While we use the clustering of spatial feature clusters only as a means to split the area of interest in regions with a specific characterization (as opposed to official and administrative boundaries), the definition of the sof-inf score, inspired by information retrieval practice, is an important step to allow a knowledge engineer to select the most prominent spatial features that characterize a neighborhood, similarly to [9]. This technique can help in effectively describing spatial regions by summarizing their distinctive categories.

Finally, the semantic query approach presented in Sect. 5.3 is the method we propose to support the ontological specification of neighborhood concepts as a design pattern combining spatial features: adopting this technique, not only it is possible to verify the actual “instantiation” of such concepts in different geographic areas, but the ontology engineer can also test different hypotheses, computing the similarity scores for different feature compositions. A possible extension to the proposed procedure can introduce spatial features’ weights in the sof-inf computation of the spatio-semantic query.

This approach can prove useful also when the target neighborhood ontology must fit a specific level of abstraction: if the conceptualization is expected to be general-purpose, the semantic query should get homogeneous similarity scores in different geographical areas; conversely, if the new concepts are location-specific, the combination of spatial features can be selected based on the maximization of its similarity score with the desired regions.

6 Conclusions

Even when applying proper methodologies, ontology engineering largely remains an art that requires a deep domain knowledge. In the case of geo-ontologies, the understanding of location-specific knowledge is key; whatever the kind of spatial objects to be described, their geographic distribution can be investigated through spatial analytics to gain hints and suggestions to support the ontology engineering of their thematic characterization.

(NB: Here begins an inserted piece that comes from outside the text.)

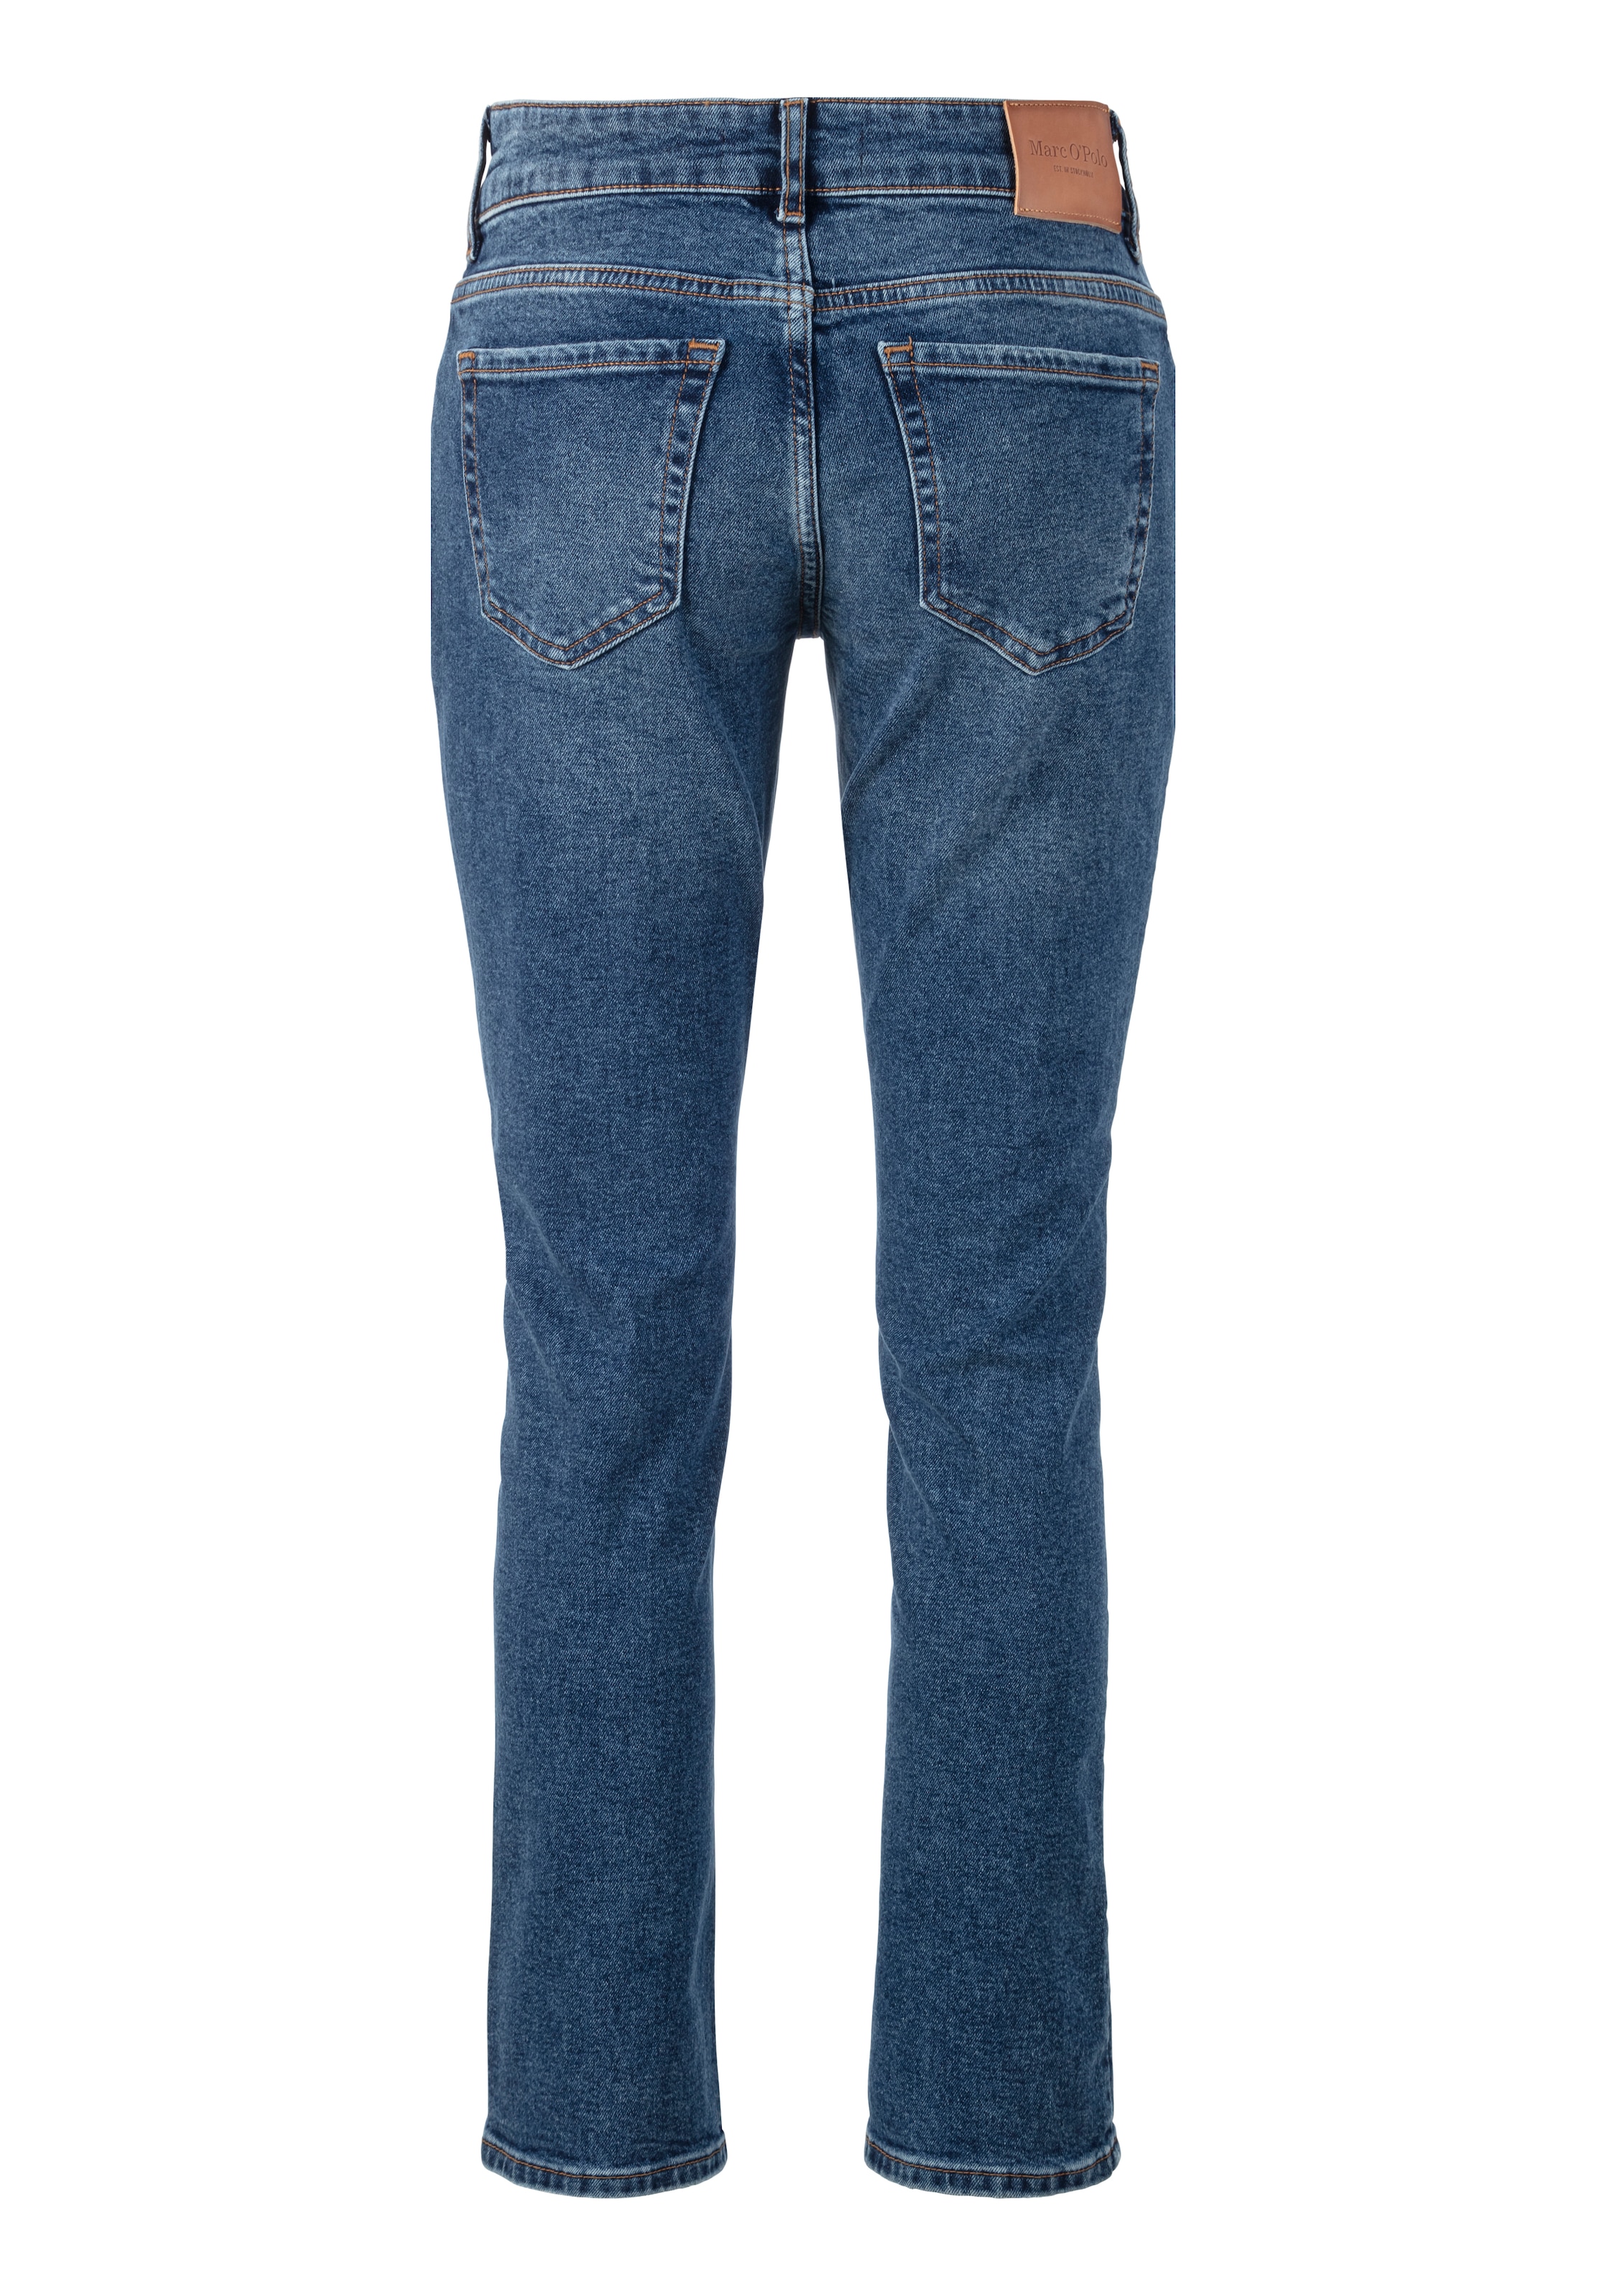 Marc O'Polo 5-Pocket-Jeans »Alby Straight«, mit gerader Beinform

In this paper we employed a set of state-of-the-art data analytics techniques to study and compare geospatial objects from LinkedGeoData and provide additional insights to guide and support the (re-)engineering of the respective ontology. We showed how the plain analysis of objects coordinates can reveal cultural and location-specific differences between different cities. Our contribution also included the definition of a spatial variant of the tf-idf index, to illustrate how the combined analysis of semantic and spatial information can support the specification of neighborhood characterization.

The adopted methods are generic enough to be applied to different spatial datasets, since our experiments demonstrated that the diverse number of spatial objects and the possible dataset incompleteness do not negatively impact their analysis. Nonetheless, we will apply the proposed approach to a larger set of heterogeneous cities to further test, refine and select the best spatial metrics and indicators to reveal location-specific semantics. We would like to further investigate the generality and applicability of our techniques, by analyzing different types of spatial entities, possibly also within non-urban contexts.

The main limitation of our approach is that we do not provide any automated means to geo-ontology re-engineering, because our approach’s findings bring only supporting insights. In addition, our analyses can confirm already-known characteristics, or they can discover unknown specificities that are hard to interpret and that require further investigation by the engineer. The natural next step is therefore to more tightly integrate spatial analytics within ontology engineering processes and tools.